• [Exercise material]
++++++++++

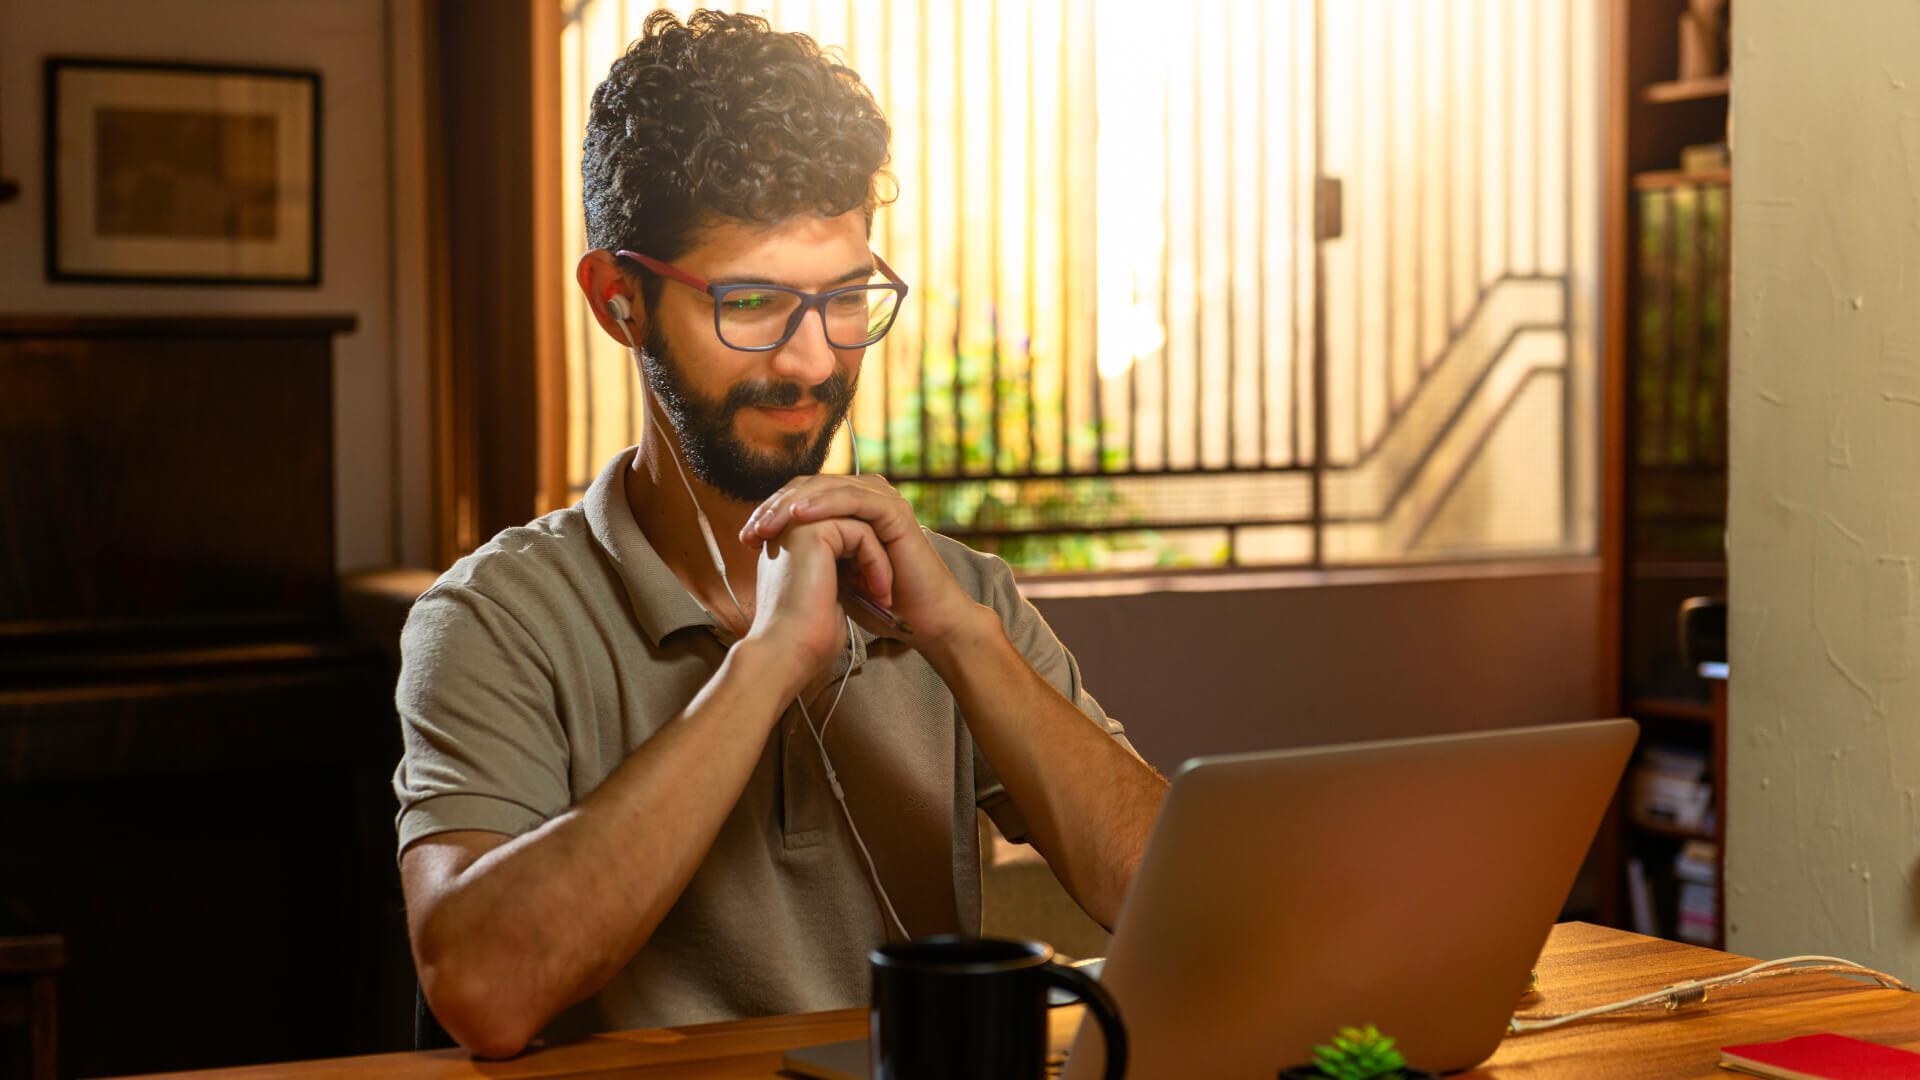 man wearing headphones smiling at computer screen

++++++++++

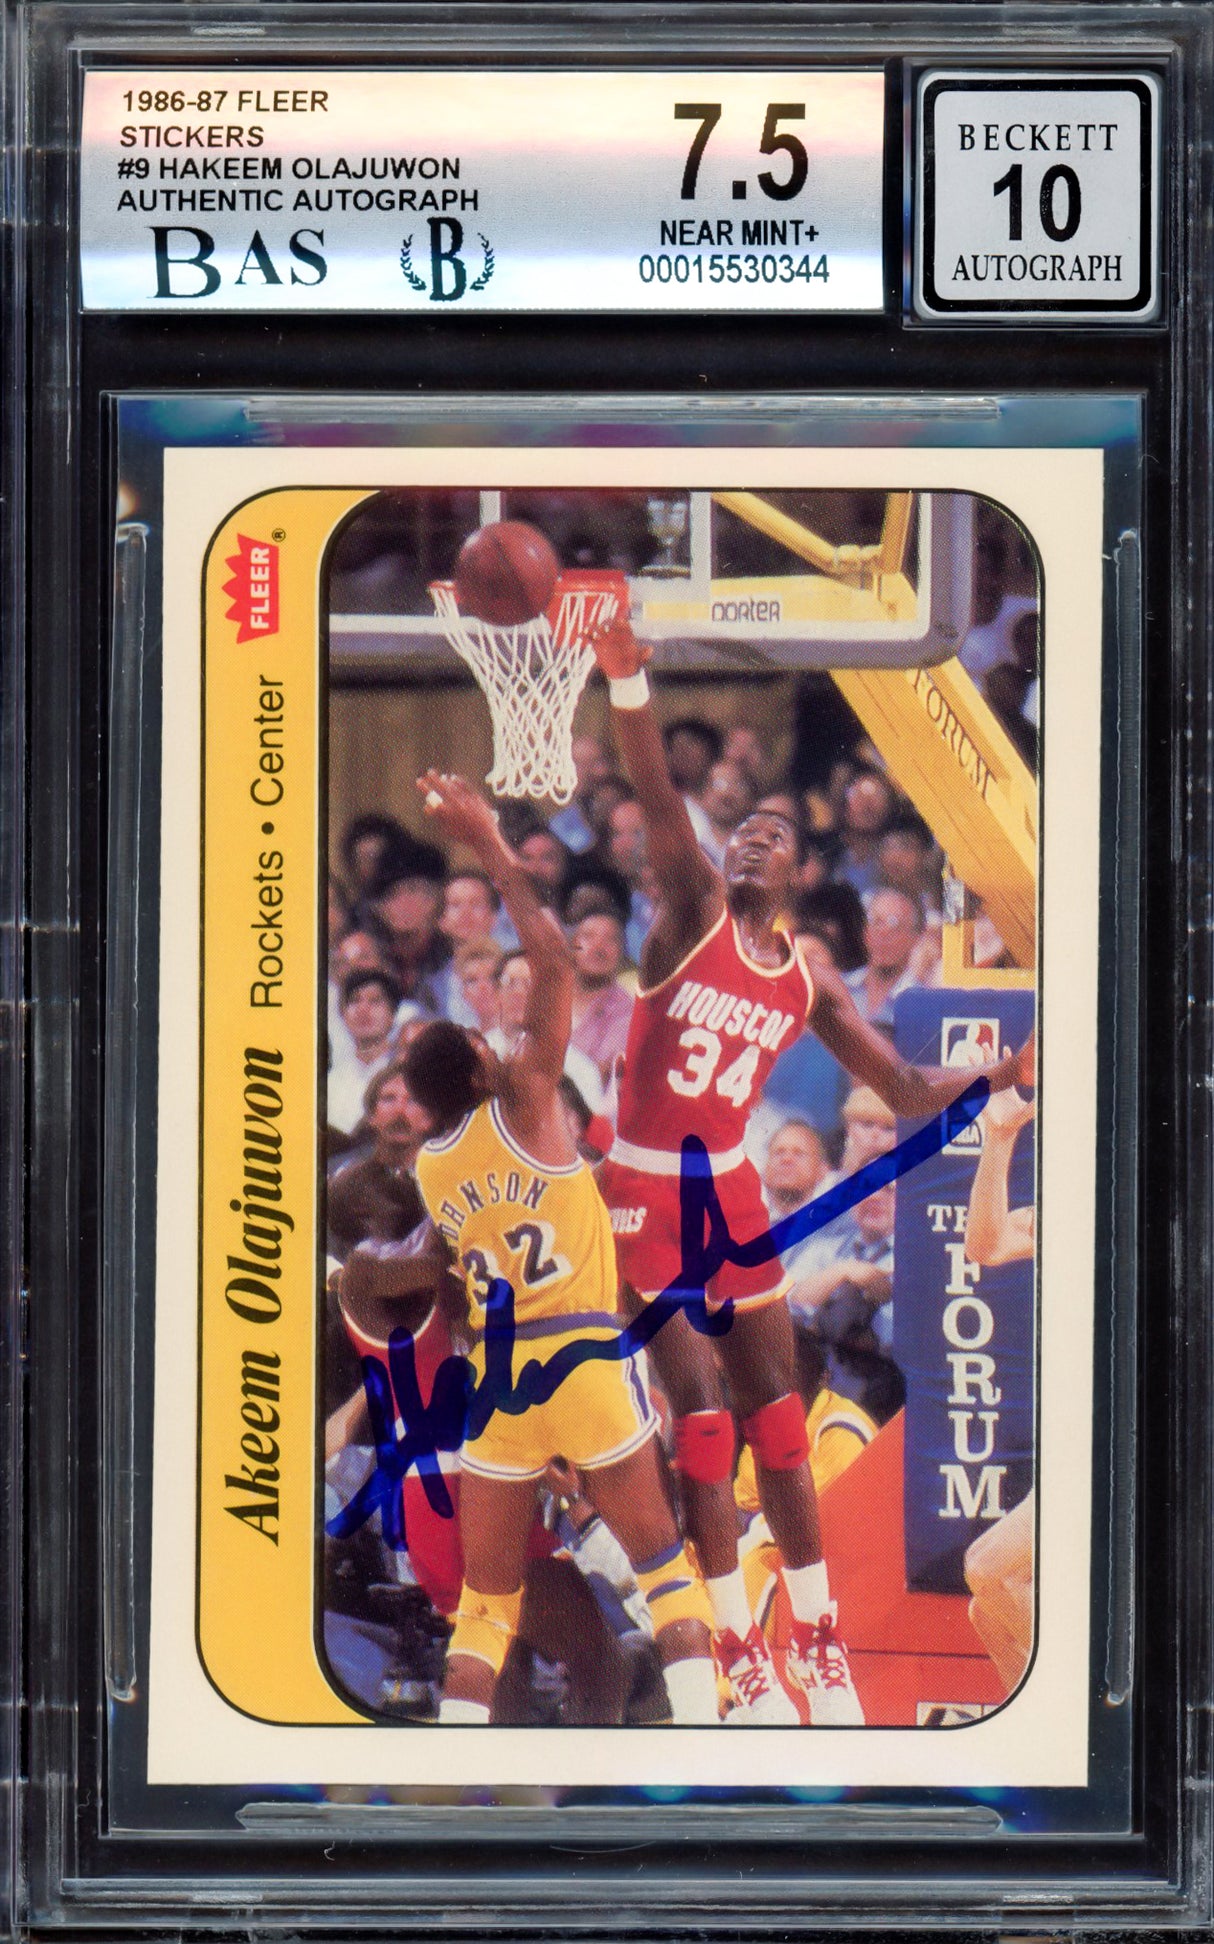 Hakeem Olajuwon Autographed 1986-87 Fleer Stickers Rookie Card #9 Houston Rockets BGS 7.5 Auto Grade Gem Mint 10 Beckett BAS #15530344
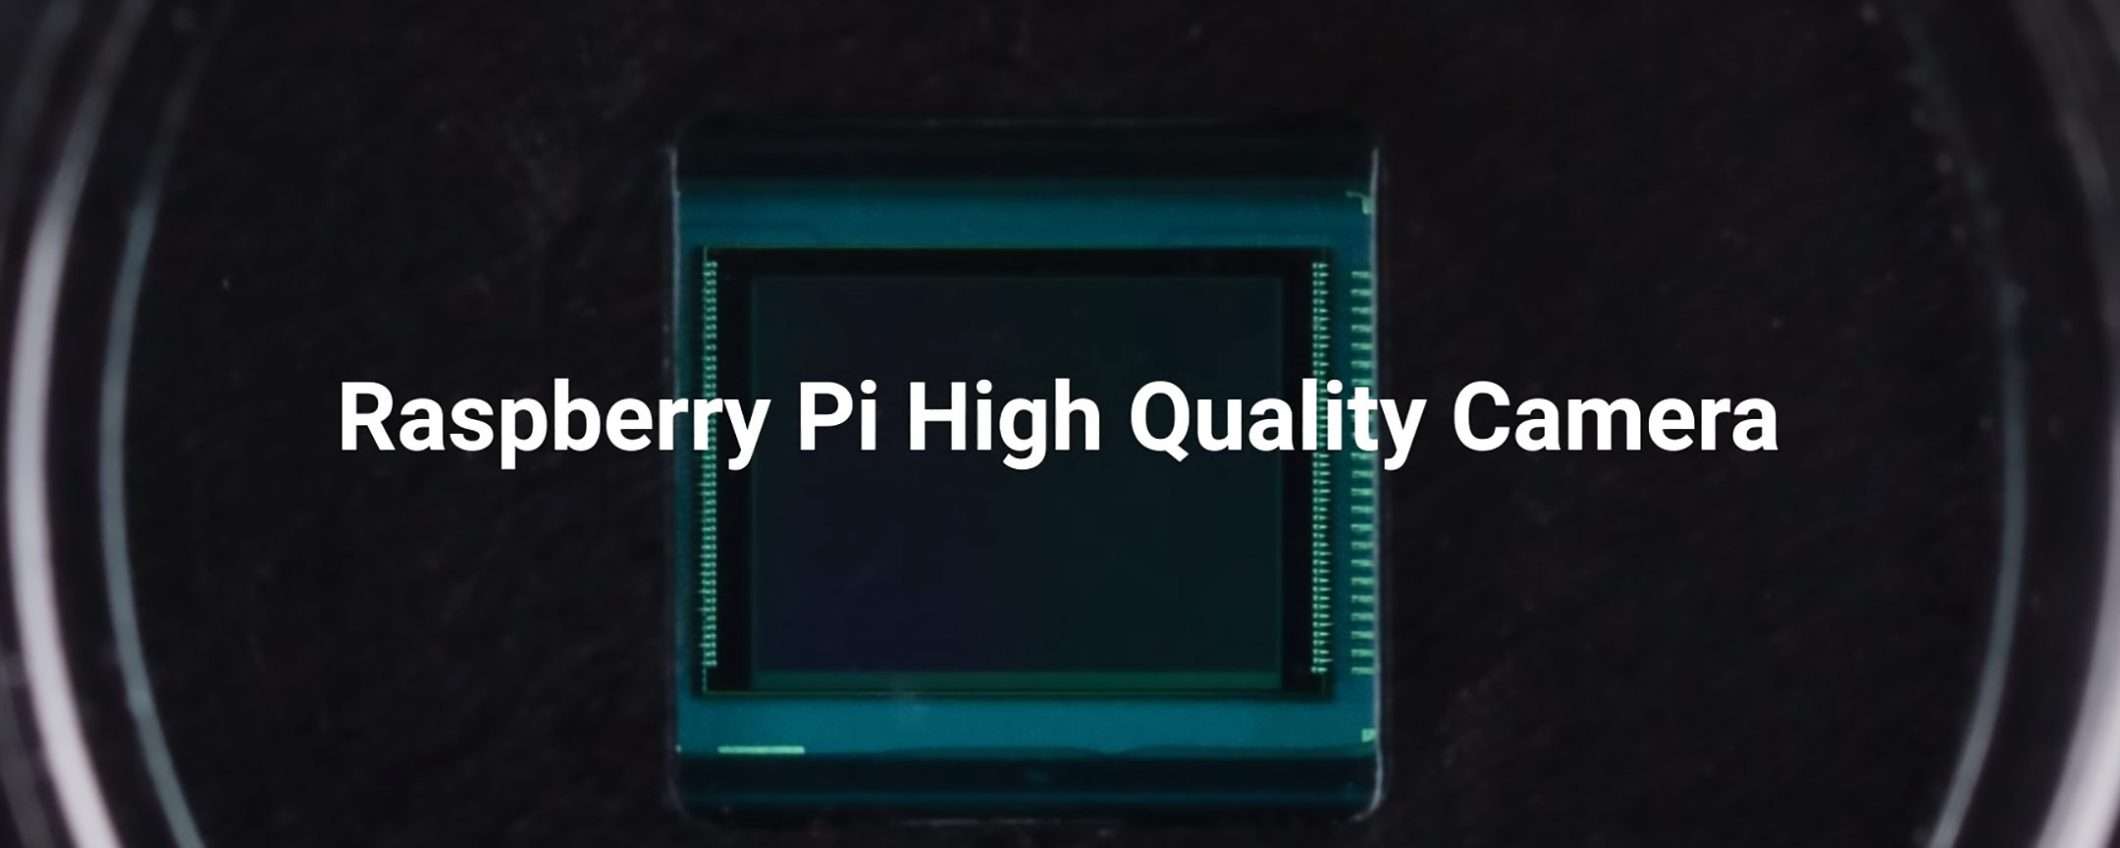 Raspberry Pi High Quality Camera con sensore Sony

++++++++++

• [Exercise directions]
When you reach the line containing "Hakeem Olajuwon Autographed" in the entries above, begin restating word for word, and stop once the line containing "Raspberry Pi High" has been given. Omit the pictures.

• [Response to this task]
 Hakeem Olajuwon Autographed 1986-87 Fleer Stickers Rookie Card #9 Houston Rockets BGS 7.5 Auto Grade Gem Mint 10 Beckett BAS #15530344
 Raspberry Pi High Quality Camera con sensore Sony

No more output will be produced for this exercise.